117. The Conference appreciated the increasing help from the seed exchange service of FAO as a link between national collection centers and countries or individuals, as well as the close collaboration with national and international agencies such as the International Seed-Testing Association, the International Crop Improvement Association, the Organization for Economic Co-operation and Development, etc. There was also appreciation of the fact that additional assistance in this field is now to be provided by the Freedom from Hunger Campaign in promoting the ideals of the World Seed Campaign.
Freedom from hunger and the universal declaration of human rights
118. The Conference also adopted the following resolution:
RESOLUTION No. 5/63
Freedom from hunger and the Universal Declaration of Human Rights
Noting that the Fifteenth Anniversary of the Universal Declaration of Human Rights falls on 10 December 1963 and is being celebrated throughout the world to mark this epoch-making event in the history of the United Nations and to keep the need for the recognition of these rights continuously before the minds of men, and
Endorsing the objectives of the Declaration which aim at promoting universal respect for and observance of human rights and fundamental freedoms,
Associates the Food and Agriculture Organization with the celebration of this Anniversary;
Draws particular attention to the Preamble which refers to freedom from want as one of those basic freedoms proclaimed as the highest aspirations of the common people;
Agrees with the World Food Congress that the " persistence of hunger and malnutrition is unacceptable morally and socially, is incompatible with the dignity of human beings and the equality of opportunity to which they are entitled, and is a threat to social and international peace; "

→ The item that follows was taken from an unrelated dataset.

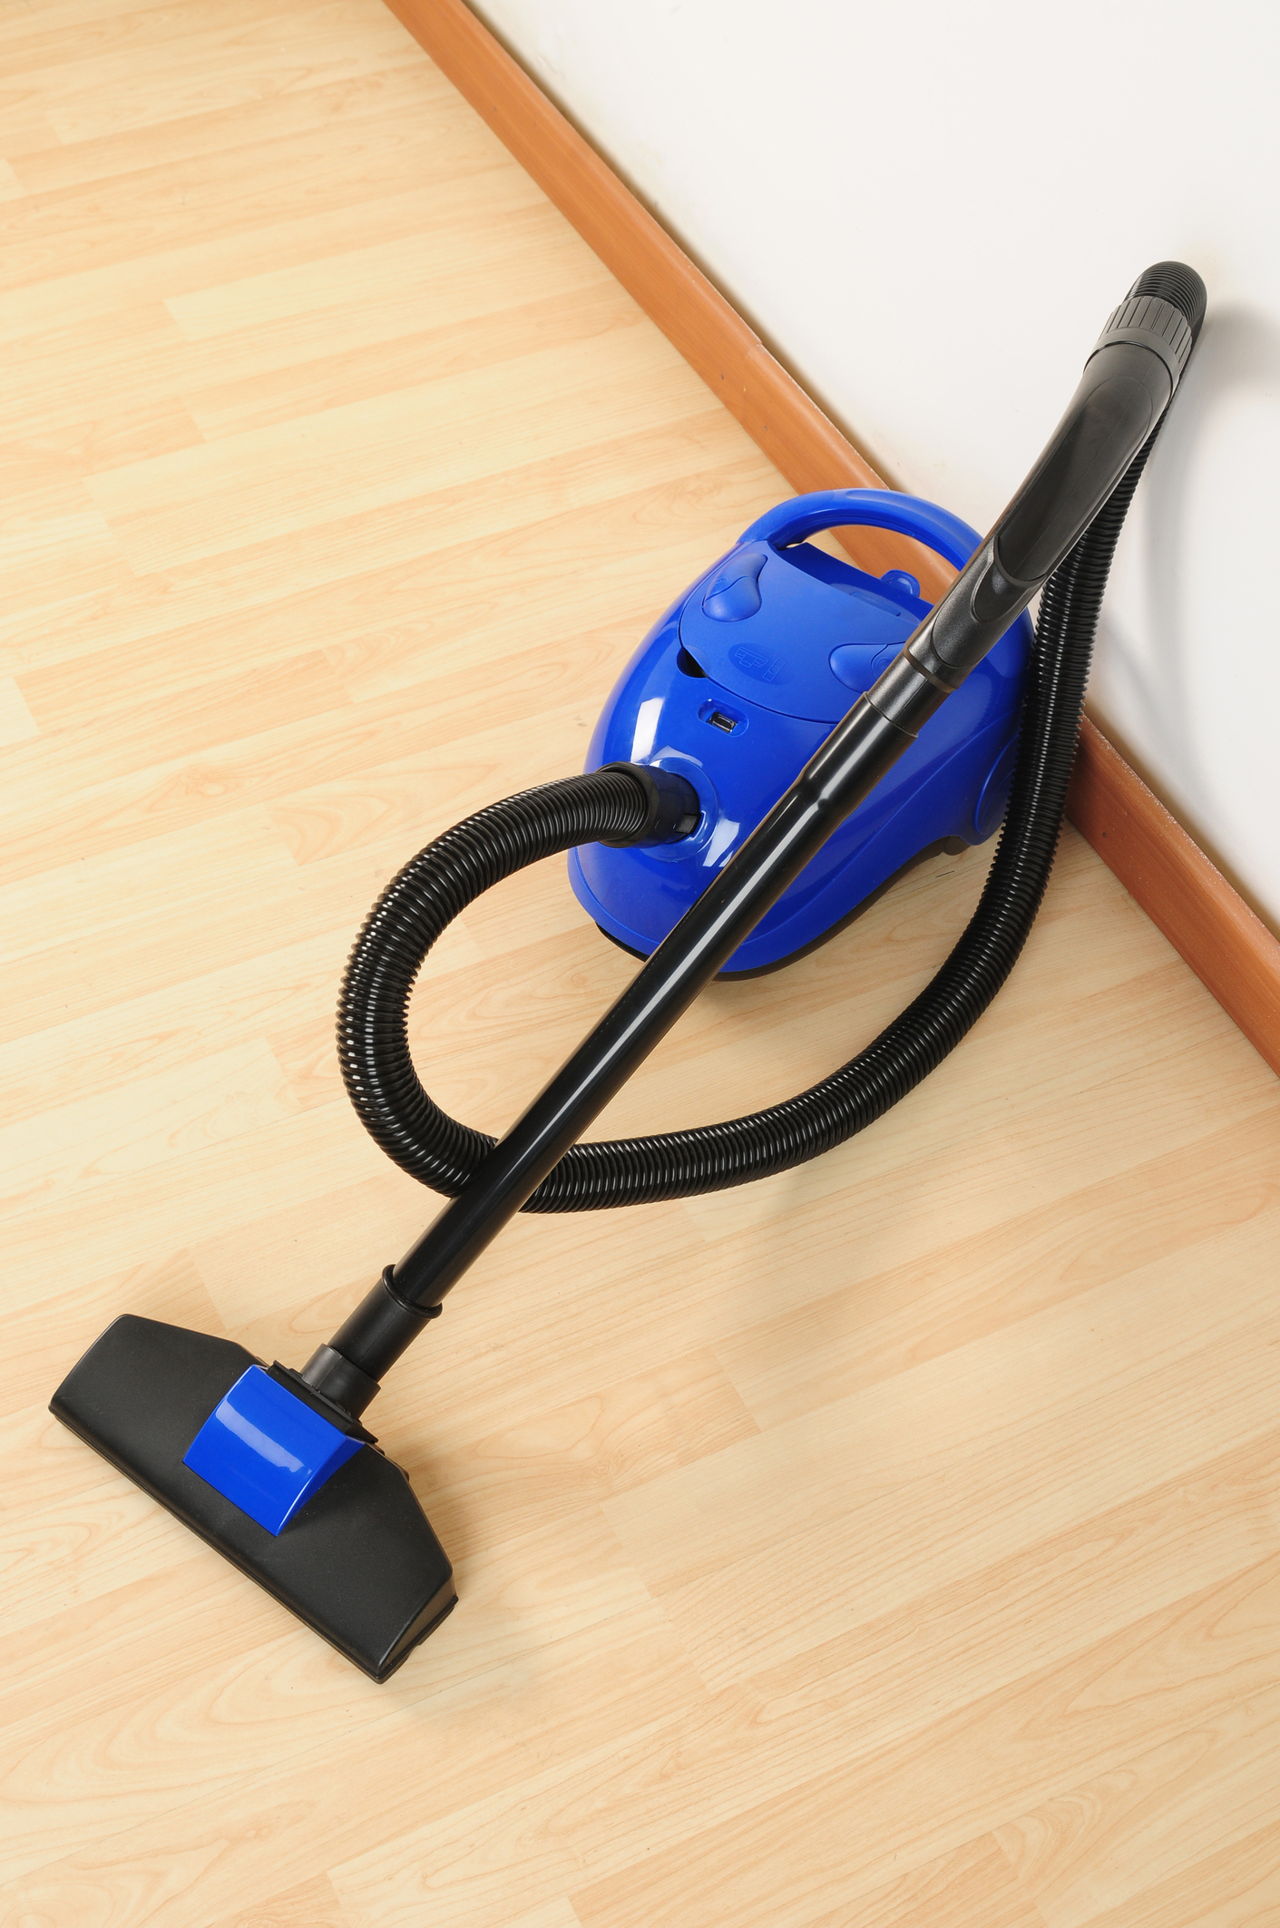 Clean Laminate Floors Without Streaking, How To Clean Laminate Wood Floors Without Streaking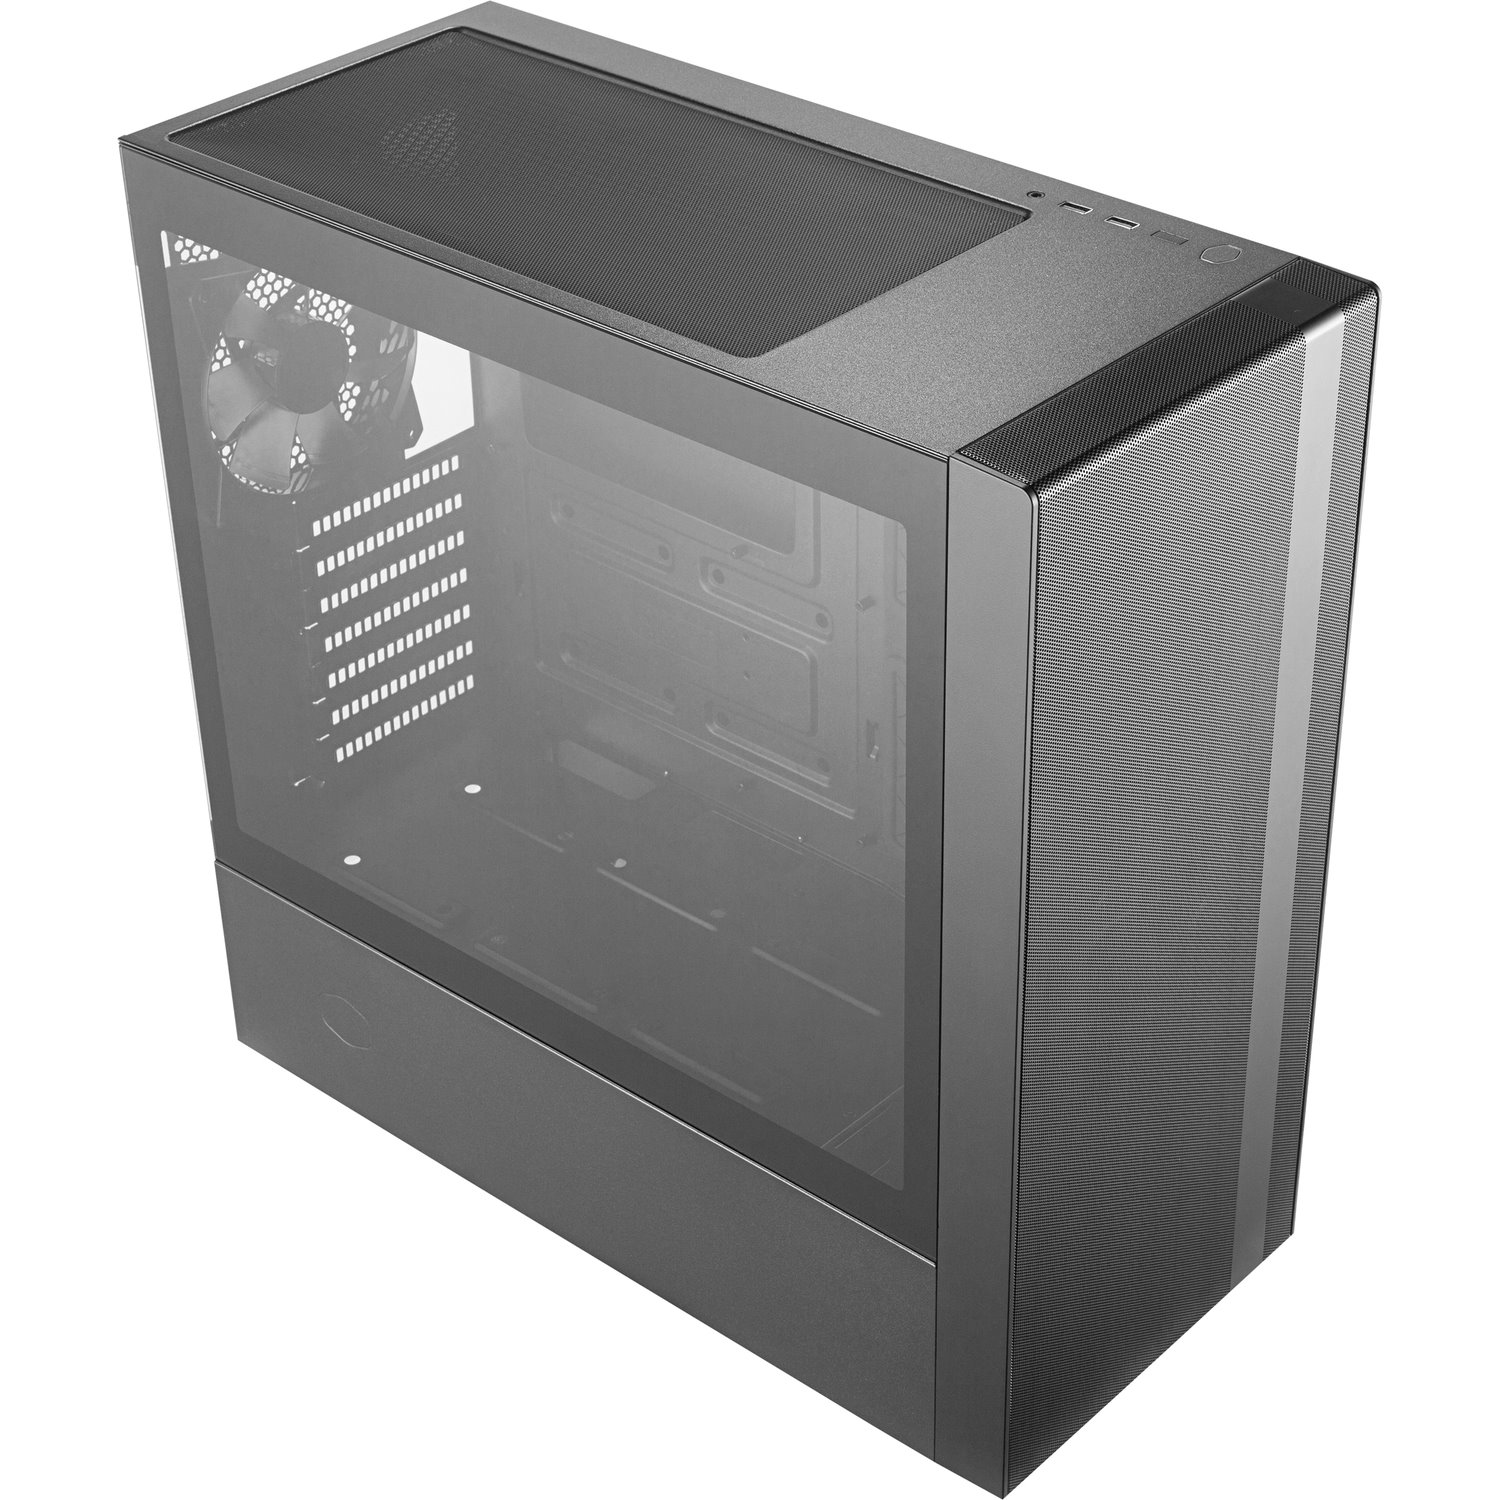 Cooler Master MasterBox MCB-NR600-KGNN-S00 Computer Case - Mini ITX, Micro ATX, ATX Motherboard Supported - Mid-tower - Mesh, Steel, Plastic, Tempered Glass - Black

Places on record its conviction that a peaceful and democratic world cannot be ensured so long as hunger and malnutrition remain the scourge of millions;
Invites therefore an the governments Members of the United Nations and the specialized agencies to pursue and intensify their efforts individually and through collective action to free the peoples of the world from hunger; and
Requests the Director-General to forward this Resolution to the Secretary-General of the United Nations and to give it the fullest possible publicity.